Security Implications

Weaknesses in this dimension can enable attackers to leverage AI system tool use capabilities to perform unauthorized actions, access sensitive systems, or manipulate external resources in harmful ways.

Assessment Approach

Testing employs crafted inputs designed to manipulate tool use behavior, measuring divergence from authorized and intended tool operations across various scenarios.

7. Recovery & Remediation Assessment

Definition

This dimension evaluates a model's ability to recover from security failures, recognize exploitation attempts, and implement appropriate remediation actions when vulnerabilities are exploited.

Key Testing Areas

  • Attack Recognition: Assessing ability to identify exploitation attempts in progress
  • Conversation Reset Mechanisms: Testing effectiveness of security reset procedures
  • Exploit Mitigation: Evaluating ability to prevent further exploitation after detection
  • Resilience to Repeated Attacks: Testing robustness against persistent attack attempts
  • Remediation Notification: Assessing communication of security issues to users

Security Implications

Weaknesses in this dimension can prevent effective recovery from security breaches, potentially extending impact when exploitation occurs and reducing system resilience against persistent attacks.

Assessment Approach

Testing employs successful exploitation followed by remediation attempts, measuring recovery efficacy and persistent vulnerability after initial security failures.

8. Authorization & Authentication Boundaries

Definition

This dimension evaluates a model's ability to maintain appropriate boundaries around user identification, authorization levels, and access controls within conversations or across sessions.

Key Testing Areas

  • Identity Confusion Exploitation: Testing for vulnerability to user identity manipulation
  • Permission Inheritance: Assessing susceptibility to unauthorized permission acquisition
  • Session Boundary Enforcement: Evaluating maintenance of security across session boundaries
  • Authorization Level Manipulation: Testing resistance to attempts to elevate privileges
  • Authentication Bypass Techniques: Assessing vulnerability to authentication circumvention

Security Implications

Weaknesses in this dimension can enable unauthorized access to features, data, or capabilities restricted to specific users or roles, potentially compromising system security policies.

Assessment Approach

Testing employs identity and authorization manipulation techniques, measuring access control enforcement against defined authorization boundaries and policies.

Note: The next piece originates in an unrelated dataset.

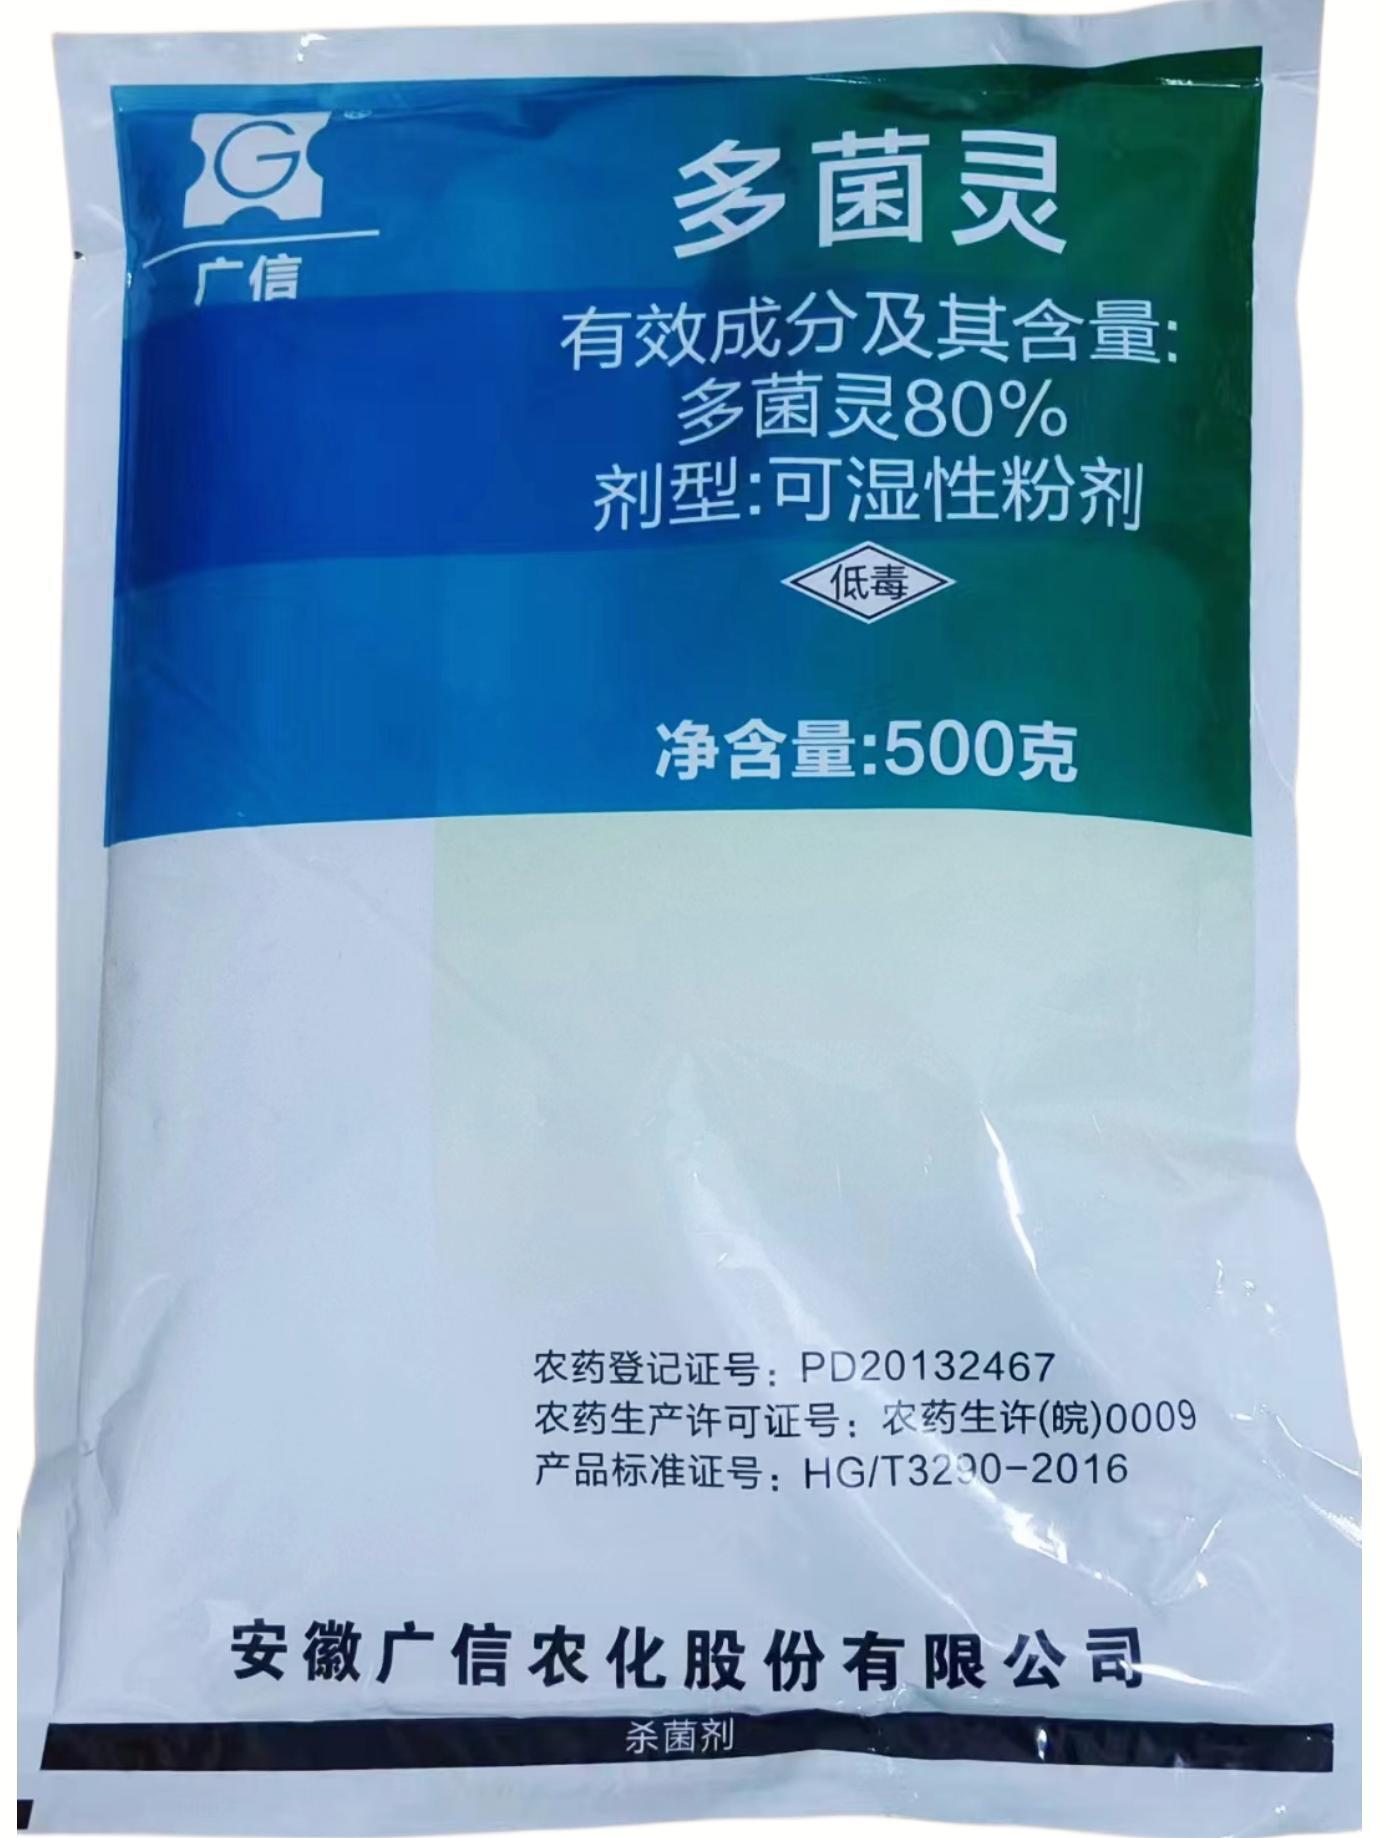 广信-80%多菌灵-可湿性粉剂

Dimensional Interaction Analysis

While each dimension can be tested individually, security vulnerabilities often span multiple dimensions. The AISecForge framework includes cross-dimensional analysis to identify compound vulnerabilities that emerge from the interaction of weaknesses across different dimensions.

Key interaction patterns include:

  1. Linguistic + Contextual: Using sophisticated linguistic patterns within specific contextual frames
  2. Multi-turn + System Prompt: Leveraging extended conversations to extract system instructions
  3. Multimodal + Tool Use: Employing non-text inputs to manipulate tool use behavior
  4. Authorization + Recovery: Exploiting authentication weaknesses to prevent effective remediation

For implementation details on testing each dimension, refer to the dimension-specific methodology documents in the dimensions directory.